The Washington Market Park’s Board of Directors are ever-vigilant protectors of Tribeca’s green gem at Greenwich and Chambers streets. They’ve turned down movie makers who want to shoot there, artists who wish to stage events there, and even the Parks Department, who, a couple of years ago, thought it might be nice to put the 16-ton gilded bronze statue "Golden Boy" there.

Last month, the board made no exception for Mayor Bloomberg, Gov. Pataki, Robert De Niro and other luminaries when they turned down the Tribeca Film Festival’s proposal to hold its May 8 opening ceremony in the park, attended by a crowd of perhaps 500 on the newly seeded lawn.

They also short-circuited a plan to close the park for three days so that the festival could erect a tent over the grass and throw two private cocktail parties for 300.

"We have to think about the precedent," Fraya Berg told fellow board members. "Otherwise, it’s going to be in our face three times a year: ‘Well, you let Robert De Niro do it…’" De Niro is a co-founder of the festival.

The festival, expected to draw thousands to Tribeca, comes at a delicate time for the park.

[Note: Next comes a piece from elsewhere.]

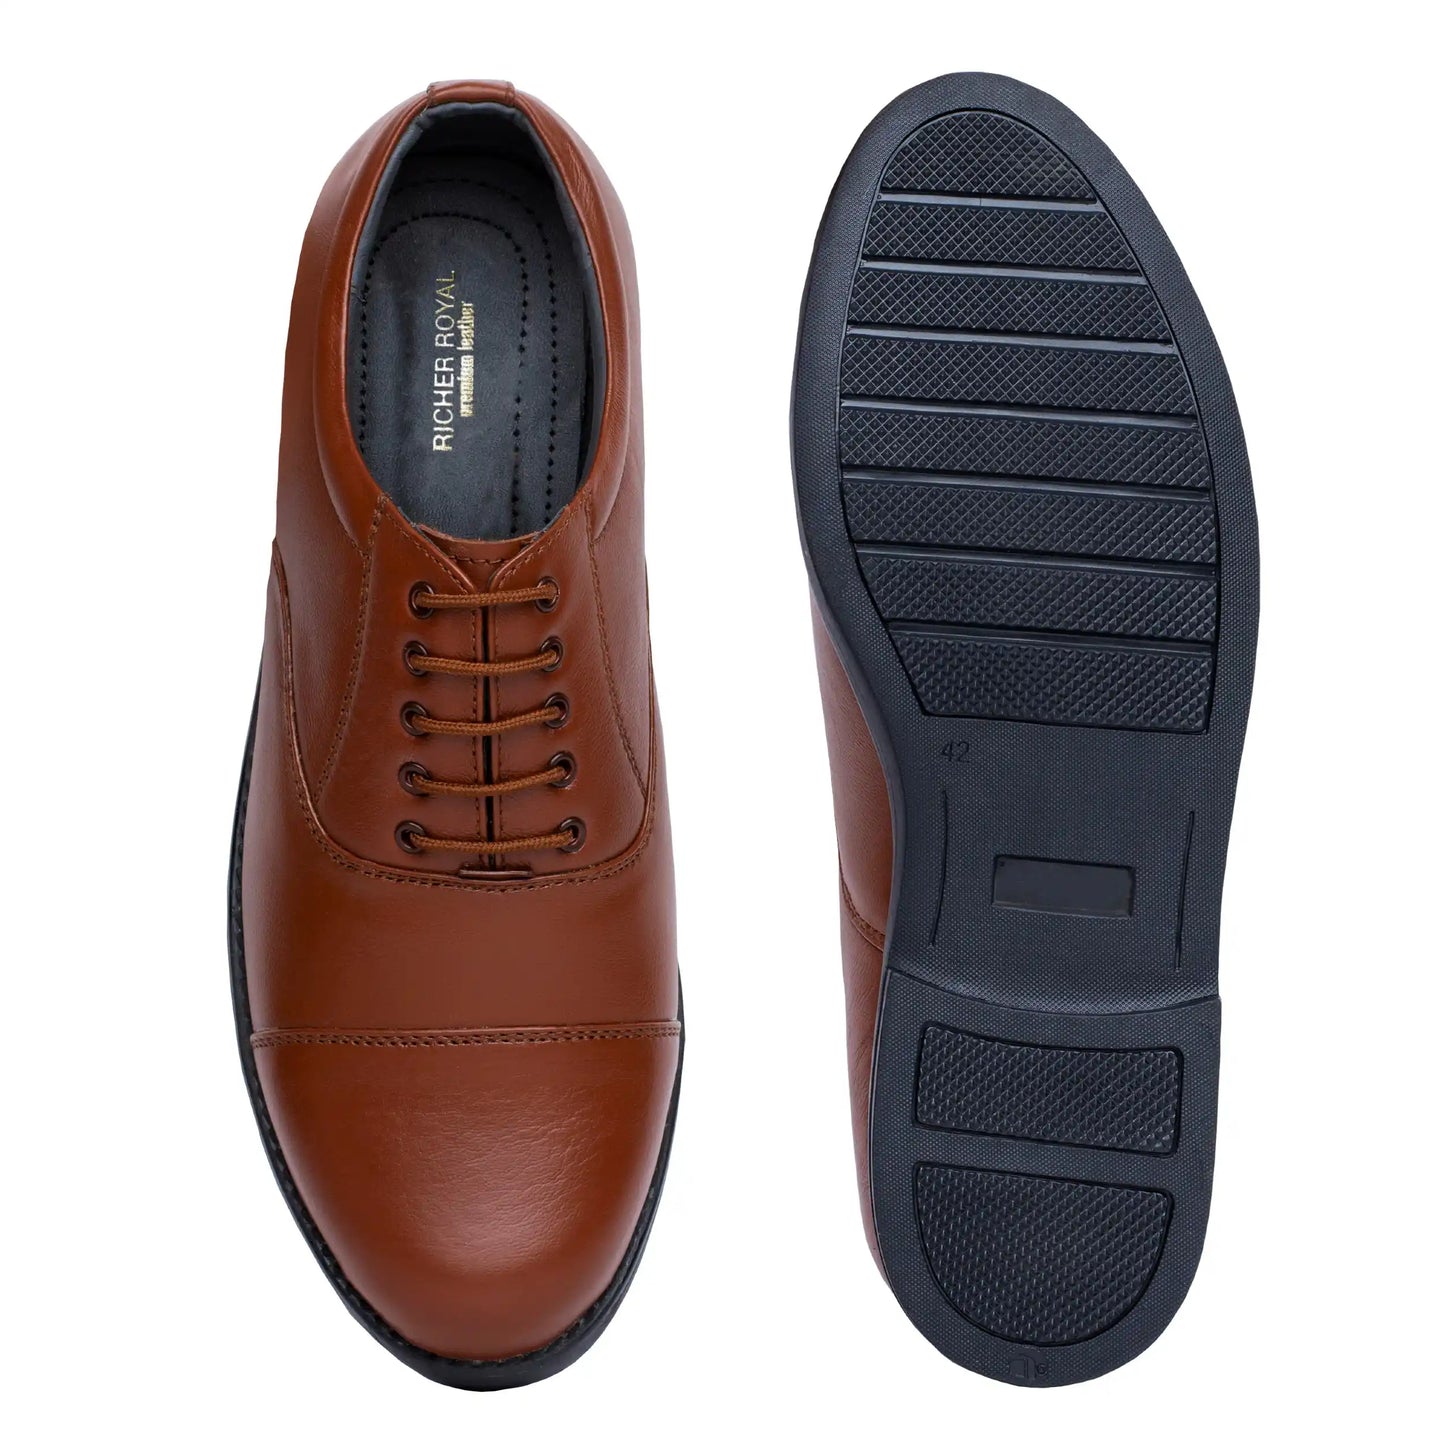 Police Shoes Pure Leather Lace Up

With much of the lawn recently reseeded, and major reconstruction of the playground set to begin on May 13, the board worried that there would be no place left for kids to play if the delicate grass is damaged and needs to be seeded yet again.

Still fresh in their minds was last September’s onslaught of tourists who trampled plantings as they scrambled for a view of the Trade Center destruction.

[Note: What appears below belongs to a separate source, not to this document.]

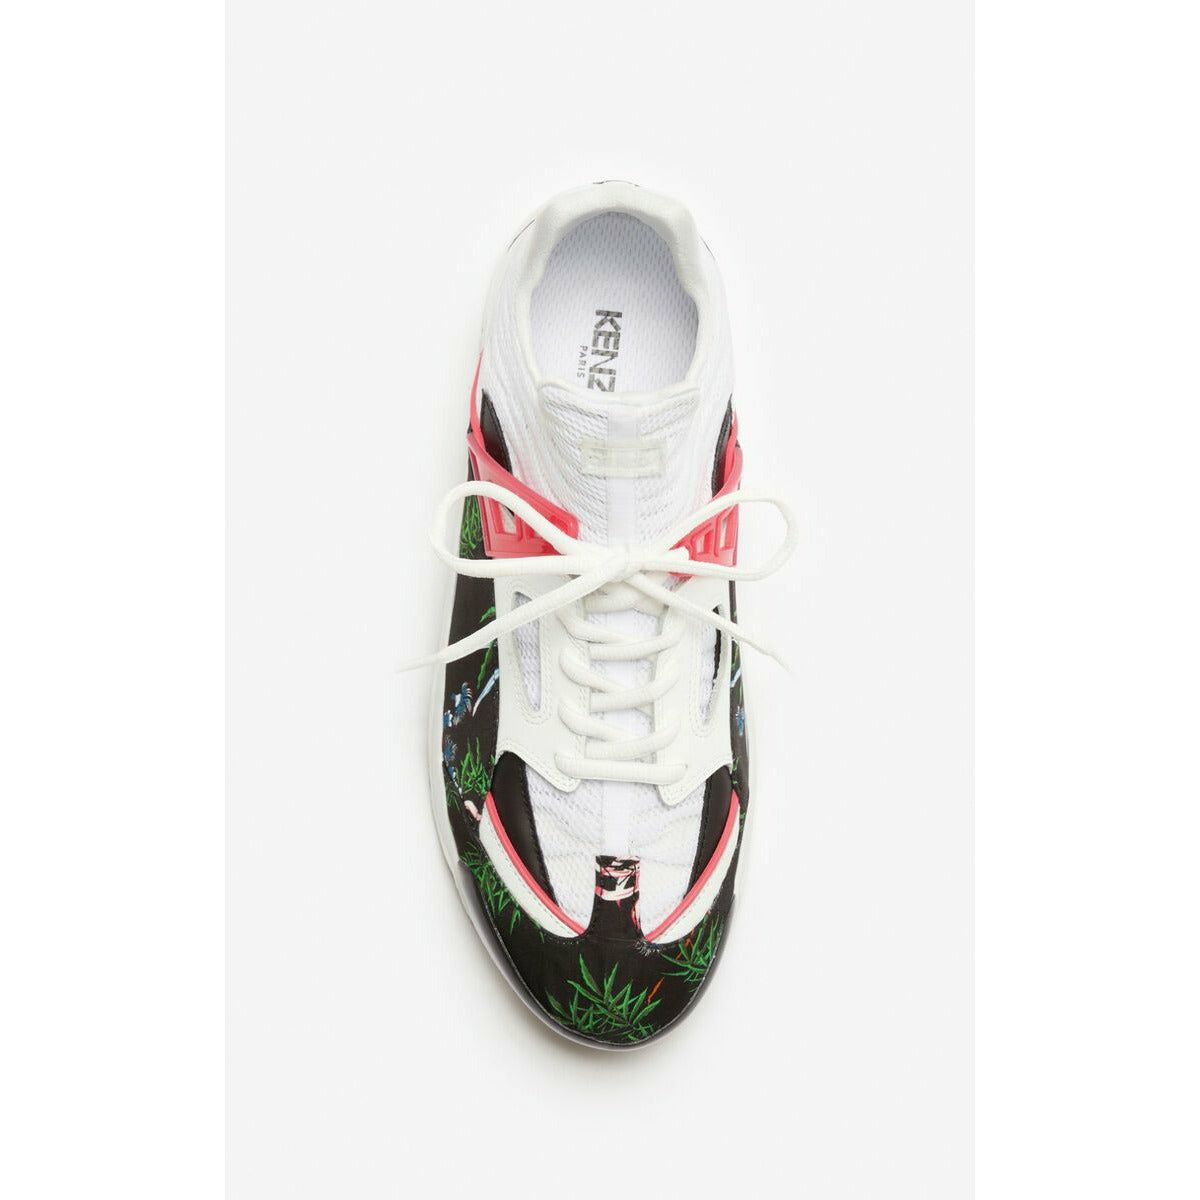 SEA LILY' SONIC SNEAKERS - Yooto

"The park’s been so inaccessible for so much of the time," said Park Board President Linda Lakhdhir. "It seems more precious than ever."

Karen Dalzell, who is producing the festival’s many events, pitched the proposal as a way of extending a hand to the community.

"It would be really wonderful to make the park the single place that is about Tribeca," she told the board at its monthly meeting, saying that holding the ceremony there would be a "positive gesture" after the park’s struggles following Sept. 11.

"We’re fighting for the grass for the kids," said board member Liz Liebeskind. "They’re just getting their grass back."

Dalzell conceded defeat. "It seems like a big pain in the butt," she said, "and if it’s going to ruin the grass we don’t want to do those things." But she did get the board to agree to close the park’s basketball courts for three days so that the private parties could be held there.

Another question before the board was a struggle. Should the park remain open on Saturday, May 11, the day that thousands were expected to flood the neighborhood for the festival’s family carnival? (See page 26 of The Tribeca Trib in print.) Most of the group seemed determined to keep the gate closed that day until Peter Downing, the event’s organizer, sat down to persuade them otherwise.

"It seems to me the wrong message to give to people coming to the Family Festival that, ‘Oh, look, there’s a charming park, but it’s locked and they’re not letting us in.’"

Following a long discussion, the board voted to keep the park open but the lawn fenced. The board is requesting three security guards and a limit of 400 in the park at a time.

"I’m still not happy," Lakhdhir said later, "but I felt like we had to make some effort to accommodate what’s meant to be a benefit for the community."